NETGEAR is aware of a growing number of phone and online scams. To learn how to stay safe click here.
Forum Discussion
halbertn
Mar 27, 2024Aspirant
RN 316 - Raid 5 config, Data Volume Dead
Hello. I have a ReadyNas 316 with 6x hd running in a raid 5 configuration. The other day I had disk2 go from ONLINE to FAILED and the system entered a degraded state. This forced a resync. As it was ...
Sandshark
Mar 30, 2024Sensei
If you use a VM, the images must be write enabled -- VirtualBox requires that they are. They will behave like real drives in a real NAS, except be slower. So they, too, are likely to be out of sync and require a forced re-assembly.
halbertn
Apr 03, 2024Aspirant
Recap: I had 6hdd in a raid5 configuration that failed and reported volume is dead.

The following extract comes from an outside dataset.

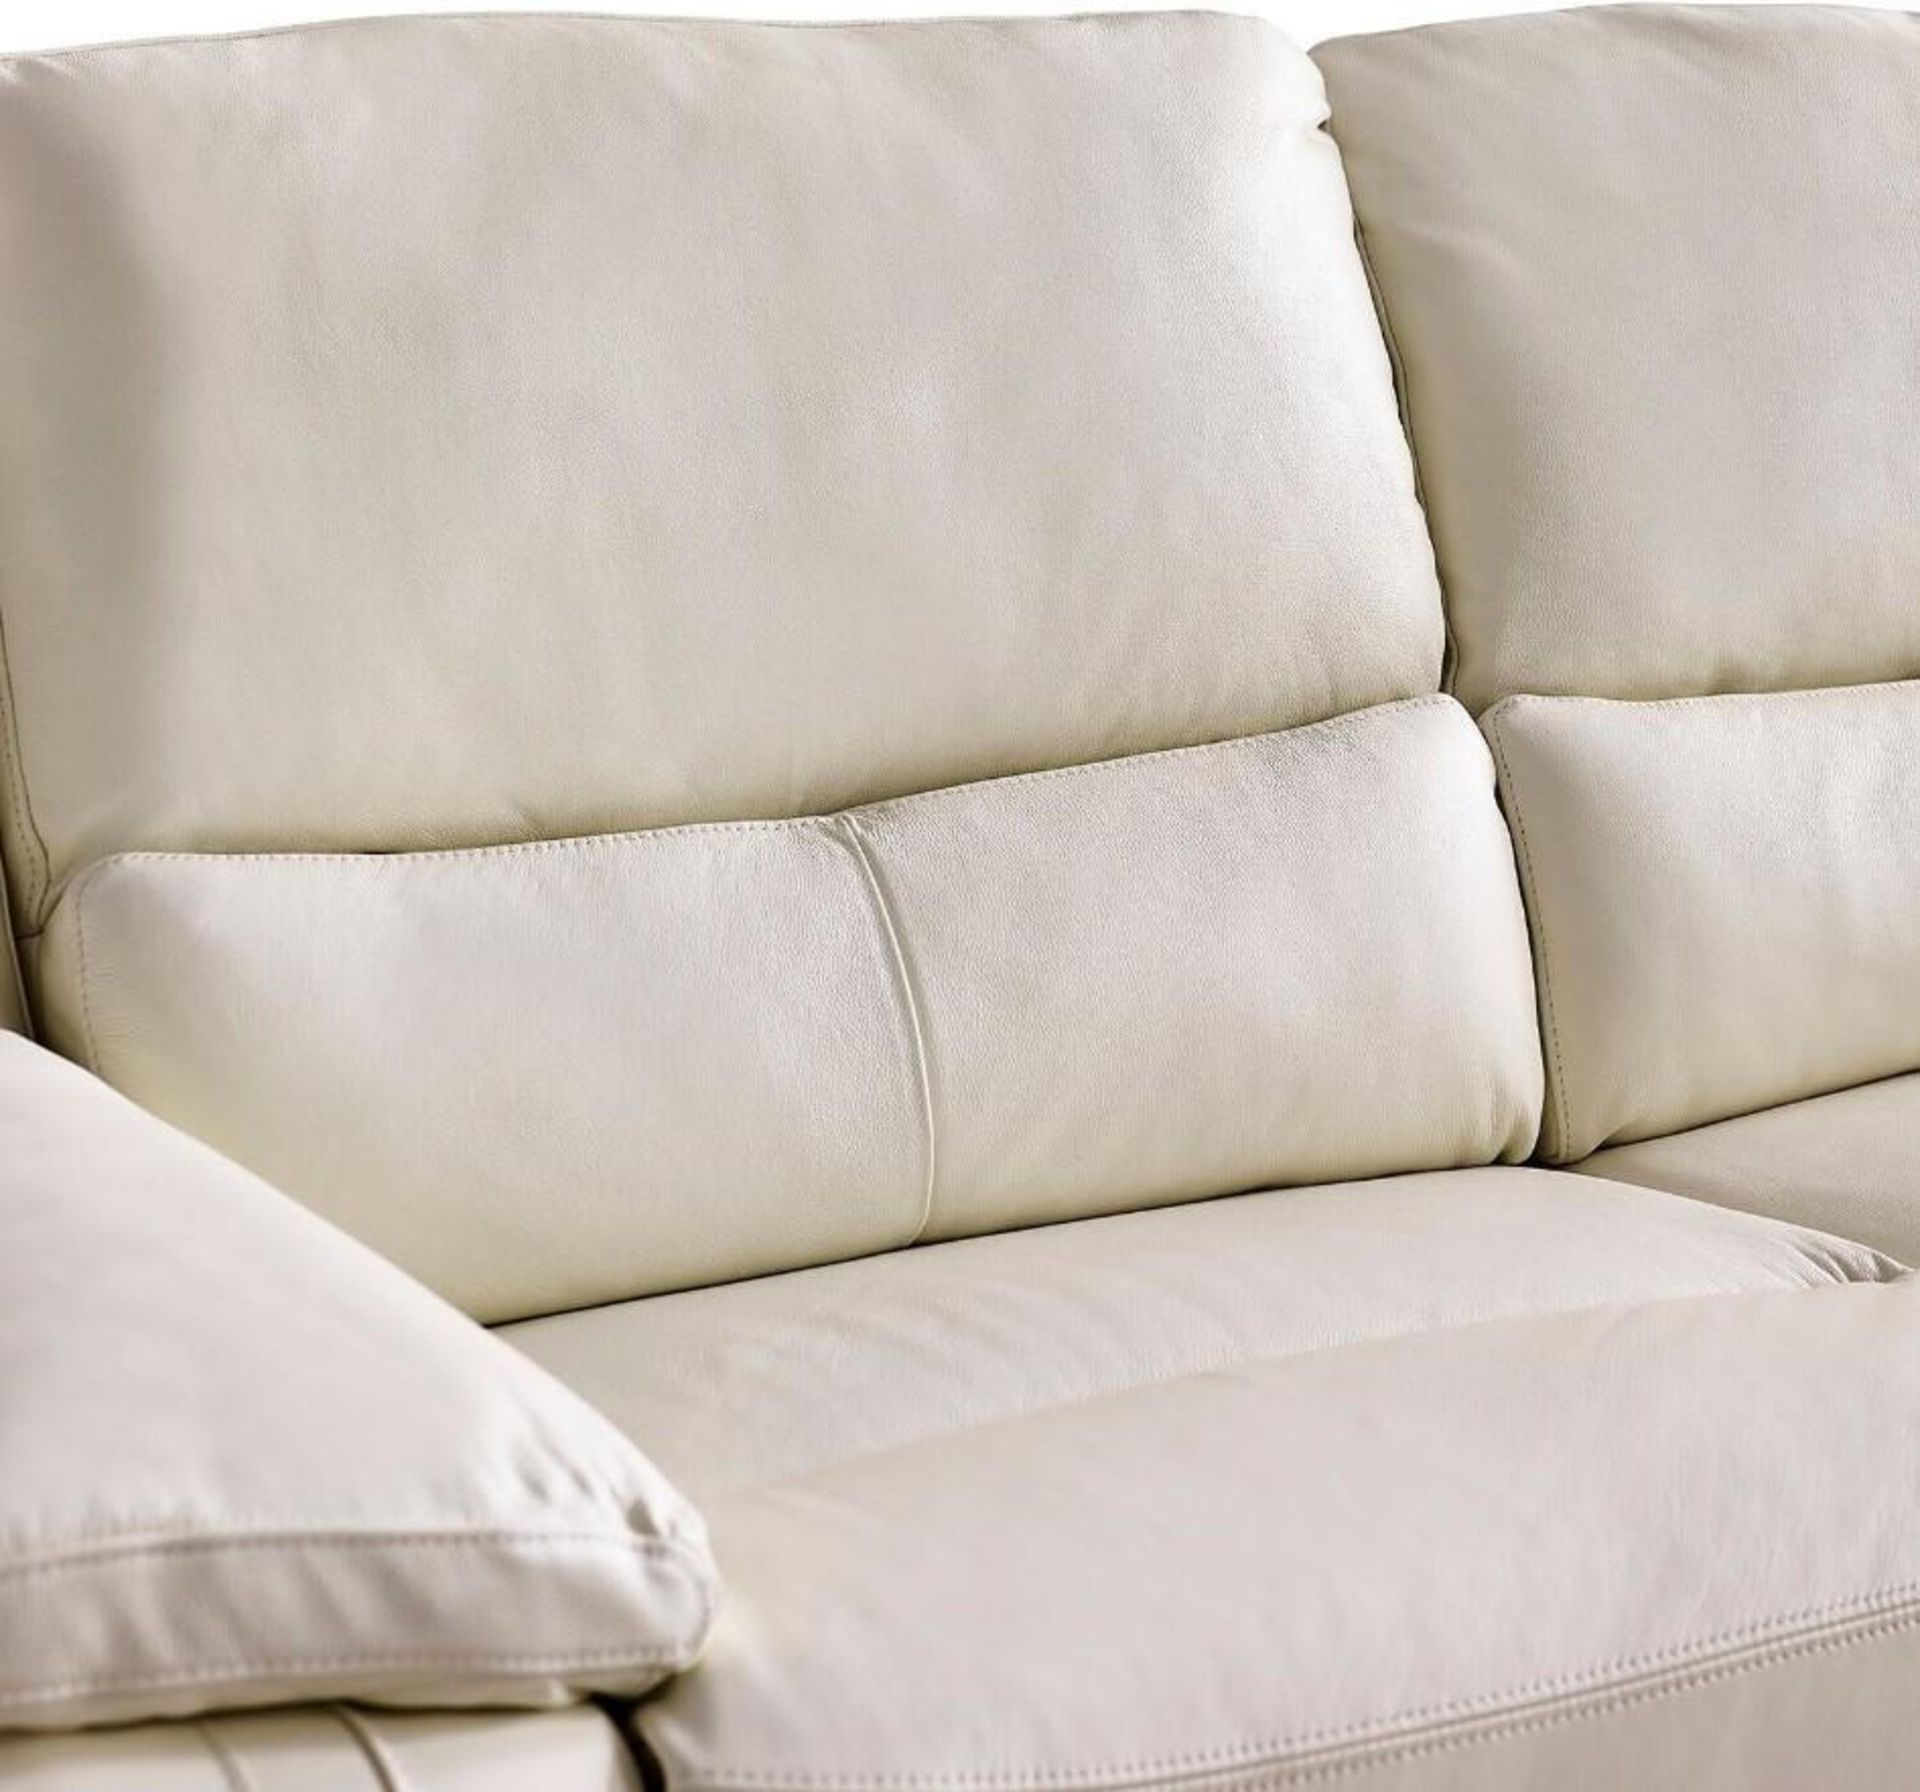 Brand new and boxed SCS Fallon 3 + 2 seater electric reclining sofa in Cream. - Image 5 of 7

Cause of failure: while running a scrub, disk2 fell out of sync forcing the raid array to resync it. During resync, disk3 failed.
Update:
I’ve begun the process of cloning each of my 6 drives to an image using ddrescue. Prior to performing the clone, I ran a smart test to get the status of each drive.
Disk 1, 4, 6 - test passed
Disk 2, 3, 5 - test failed
Assuming I would be successful in cloning disk1,4,6, I proceeded to begin cloning the failed disks first.
Disk 2 - clone was successful! No errors
Disk 3 - Stopped cloning after reaching 66% due to too many errors. Gave up on this disk.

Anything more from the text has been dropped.